Sinclair Lewis wrote a fictional book about Huey Long called It Can’t Happen Here, which is all about the rise of fascism in America. I’ve heard a number of people talk about Donald Trump as almost the perfect character out of Sinclair Lewis’ novel: someone who is kind of a megalomaniac and very much into the drama, media and celebrity side of politics.
And this idea of this amalgam of ideological pieces is something that either party could do. To some extent, Bernie Sanders came close to doing it.
Do you think that would result in a remaking of the existing two parties?
I think the two parties are already being remade. Trump lost a lot of upper income voters, and he gained a lot of lower income voters. As Trump begins to redefine the Republicans, Democrats themselves will begin to redefine as a response. They’re already moving toward their own kind of populism.
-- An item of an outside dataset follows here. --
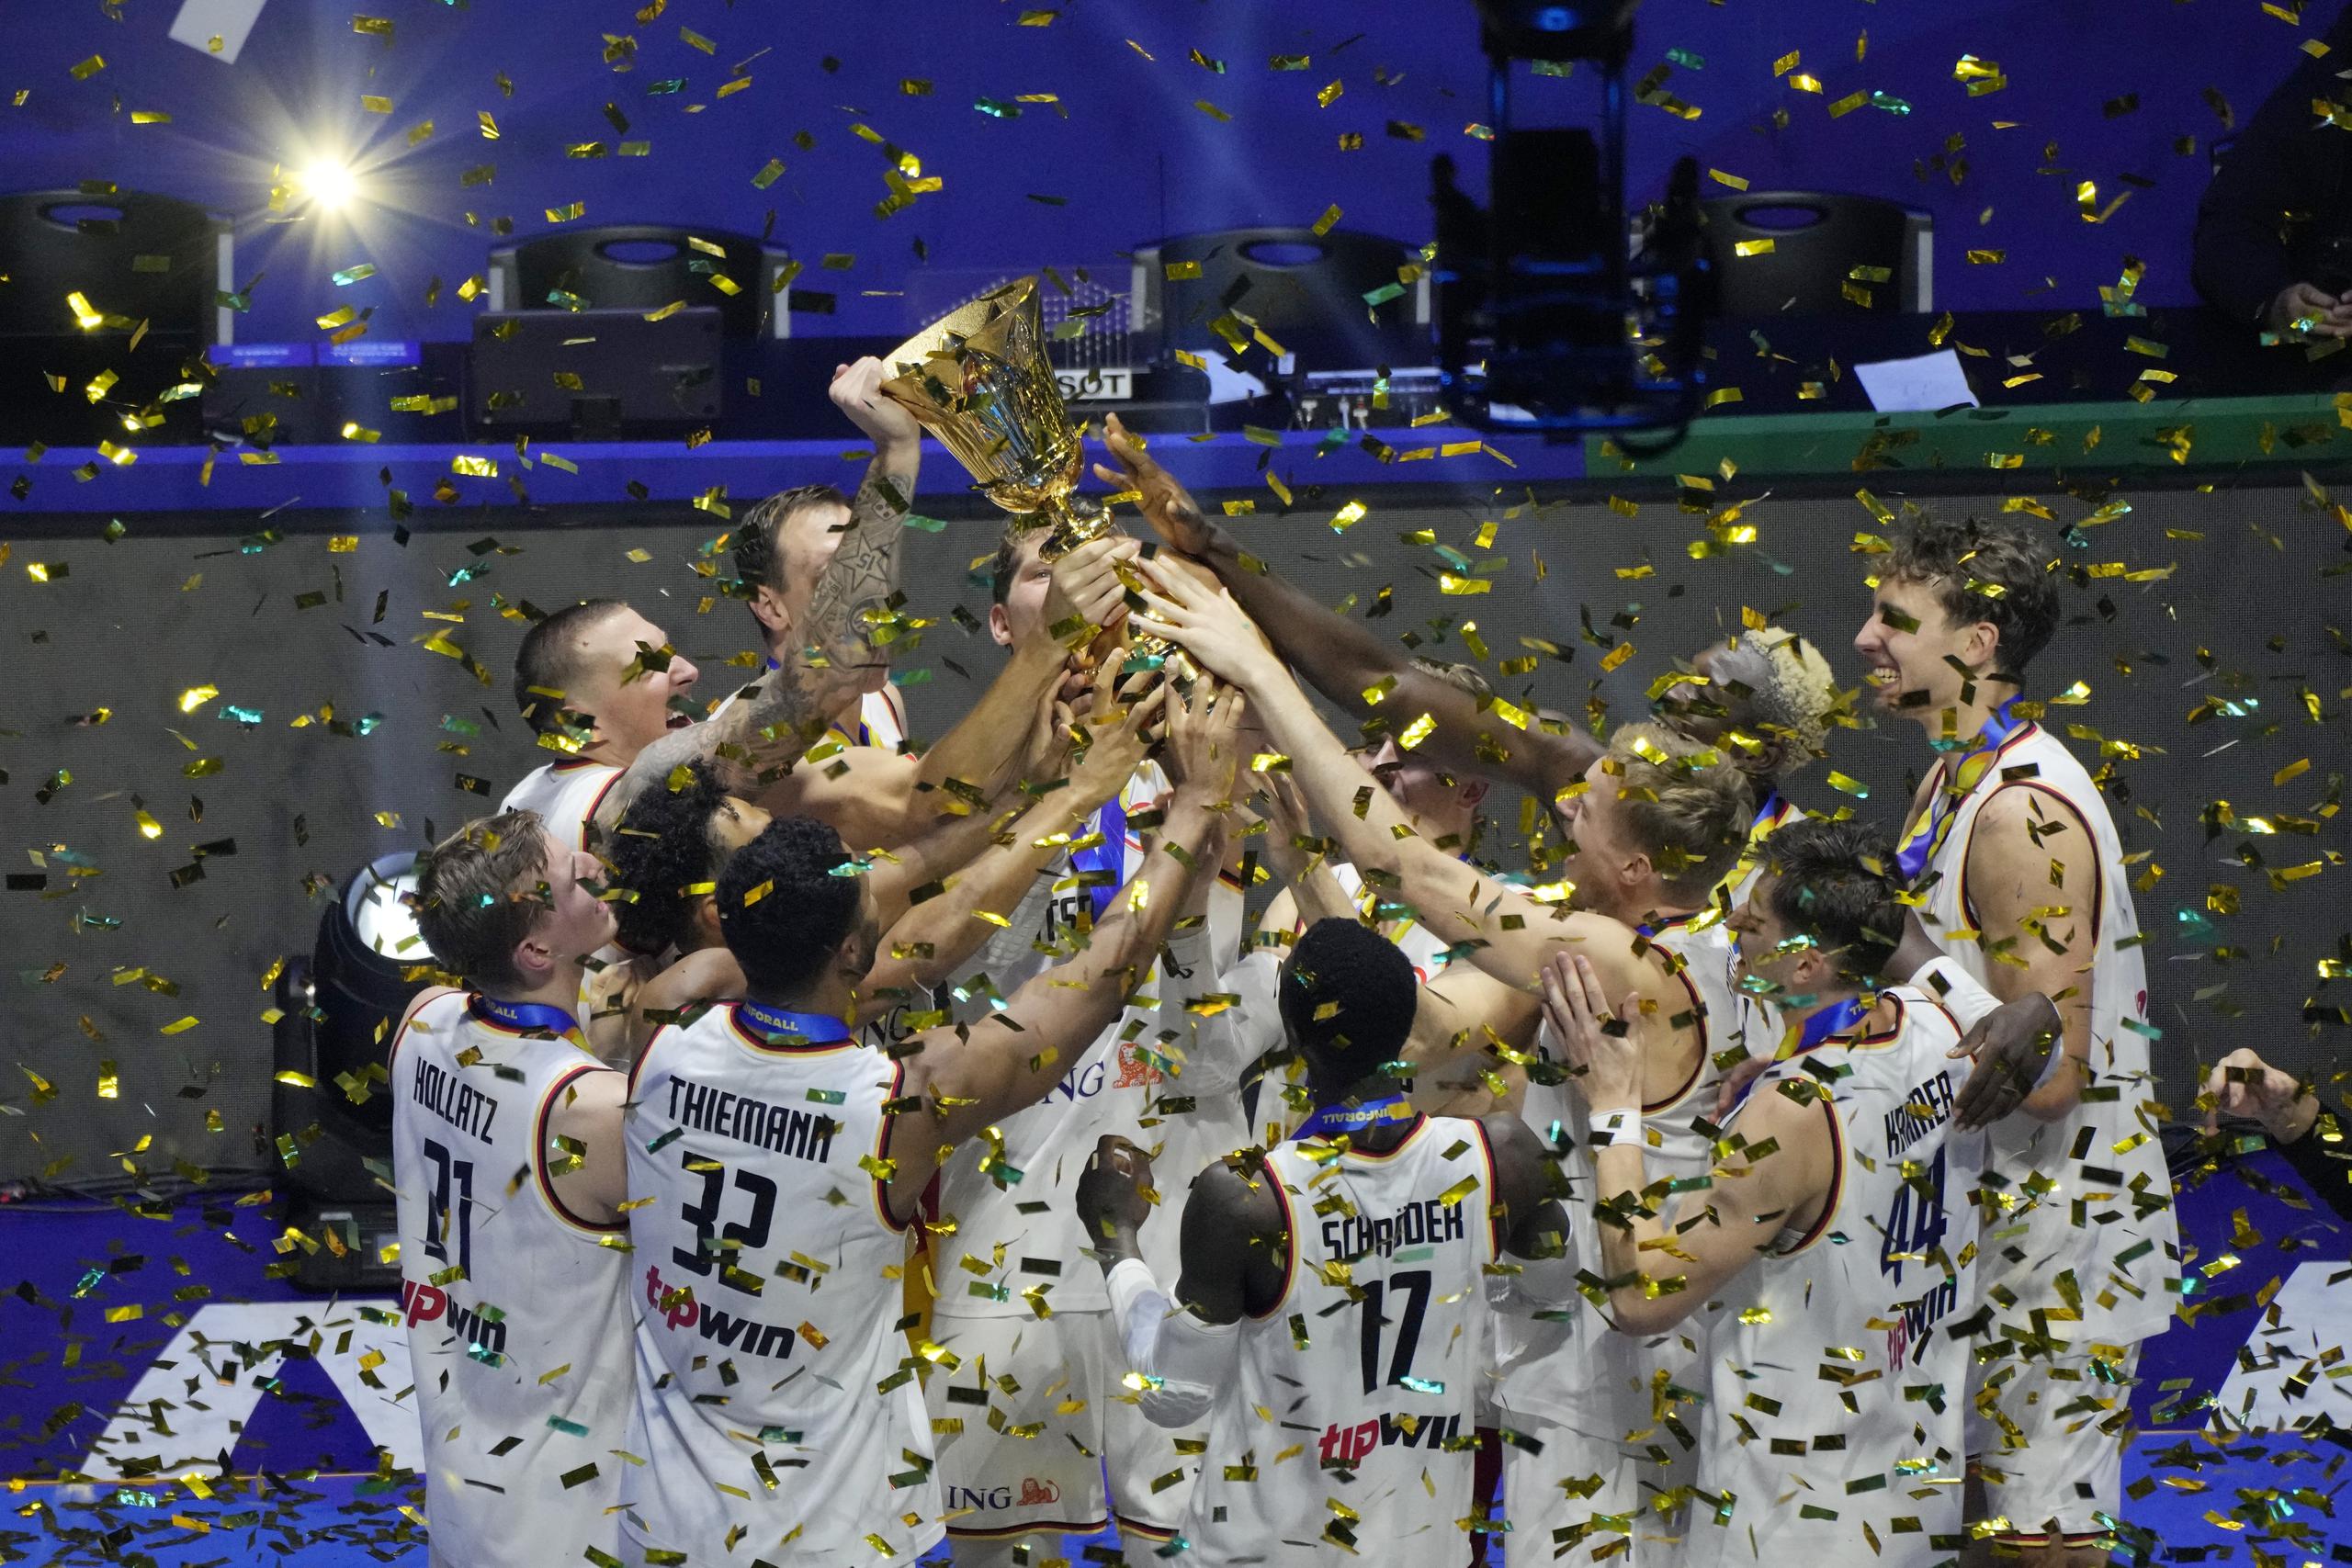 Alemania levanta la copa mundial de baloncesto masculino luego de ganar el título con una victoria ante Serbia en el partido final jugado este domingo en Manila, Filipinas.

I don’t think a candidate like Hillary will be nominated again.
Do you think it’s too late for Democrats to restructure in time to take a leadership role during this fourth turning?
No, not necessarily. But the Democrats have to come back with something that responds to the same fourth turning shift in the electorate.
Each turning is a different phase in the supply and demand for order. In first turnings, institutions provide order and people want it. In second turnings, institutions provide order but people don’t want it. In third turnings, supply and demand for order is weak. In a fourth turning, demand for order rises but institutions aren’t supplying it. That gives a huge advantage to the leader who says “I’m going to fix things. I’m going to build things. We’re going to make institutions more effective. We’re going to make this country great again.”
You can’t be a libertarian in a fourth turning. It’s not going to work.
Your book is getting a resurgence of interest with Steve Bannon in the White House. How do you feel about your work being associated with him and the Trump administration? And to what extent do you think he grasps the thesis of The Fourth Turning?
I know him. We’ve worked on projects together. He’s pretty knowledgeable about the book. But then again, he has his other agendas. The other thing to remember is, it’s very difficult to know what he thinks versus what Trump or Breitbart [the far-right news network that Bannon used to head] is doing.
You’re really asking two questions. What does Steve Bannon really think? Read some great feature stories about his life in The Boston Globe, The New York Times and The Washington Post. Most of those debunk the hysteria surrounding a lot of his views -- whether he’s racist or a Klu Klux Klanner. Some of this stuff is ridiculous. He certainly is very unusual in his politics, and I’ll leave it at that. I think he’s a creative guy. I think he’s very smart. Most of what I know is stuff that he was trying to do in film.
Your other question is, how do I feel about him using the book? Our book has been used by people all over the political spectrum. When you read it, it’s almost impossible to discern what our politics are.
And it sounds like that was an intentional choice.
Yeah. We wanted to give people a whole different way of looking at how history moves. Our goal was to talk about our society and its rhythms completely objectively, almost like a biologist. We don’t have any particular ideological agenda with our work.
You’ve said that Bannon thinks like a film director along cultural lines rather than policy lines. Given Trump’s success in the election, do you think that’s a lesson for politicians and their advisers?
When we think of a prophet or a seer, you can’t just go by the rules. The rules are descriptions of what now exists. It’s not going to give you any sense of where we’re going. This is why visionaries are never big data people. Visionaries are people who have to do things outside what the data will statistically tell you to do.